Chapter One Caroline #2
A few days after that Caroline was getting out of her car at the drugstore when she saw him drive past. He leaned out the window and waved hello and Caroline nodded back.
She bought her shampoo, a pack of batteries, and a tube of toothpaste, and when she walked out to the parking lot there was a waxy white bag on the roof of her car.
She pulled it down and peered inside, where a jelly donut glistened with sugar.
A guy left a donut on my car, Caroline texted her friend Nina.
On your car? she texted back a few minutes later. Don’t eat it.
Too late.
Okay, well text me when you die of poison.
Caroline sent the saluting emoji.
She settled into a routine in her little Greenhead cottage, waking up early and drinking a gallon of coffee while clacking away on her laptop.

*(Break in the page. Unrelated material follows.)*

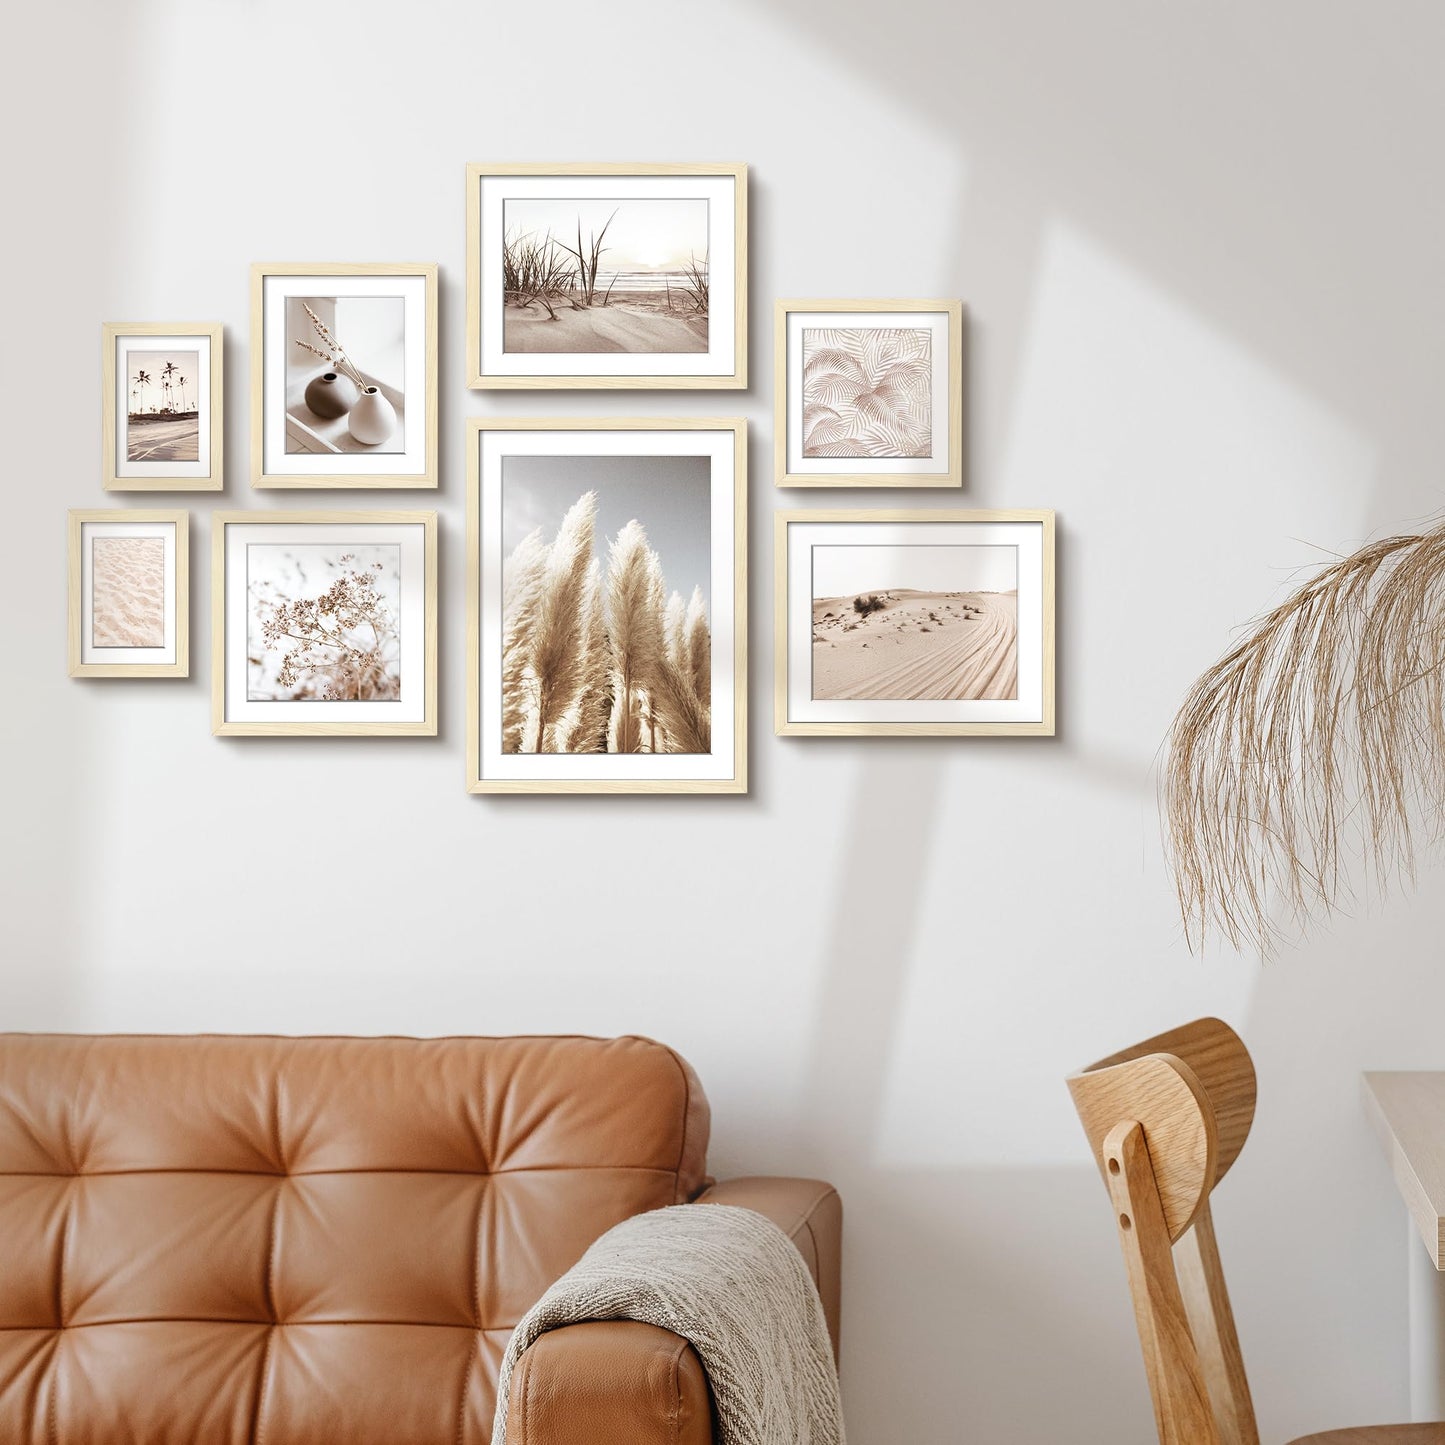 ArtbyHannah 8 Pack Gallery Wall Frame Set Neutral Wall Art Decor,Picture Frames Collage Wall Decor with Desert Pictures,Multiple Sizes…

She discovered that her relationship to caffeine was as emotional as it was physical, that she would start her mornings grumpy and rise to a state of near euphoria before becoming crippled with anxiety and the inexplicable desire to clean the kitchen.
When she got to that point, where it felt like she might chew off her own arm like a mouse caught in a glue trap, Caroline would burst out of the cottage door and stumble down the wooden steps to the beach below, where she would power walk back and forth until she figured out a new scene to write or the need to pee would drive her back inside.
In the afternoons Caroline explored. She puttered around the little library at the top of Town Hill, she visited the former home of Palmer Preston, her literary benefactor, she joined a group of ladies from Essex on a tour of the High Street Cemetery, she spent fifty dollars at the Garden Club plant sale on some annuals for her front walkway before realizing she didn’t own a shovel.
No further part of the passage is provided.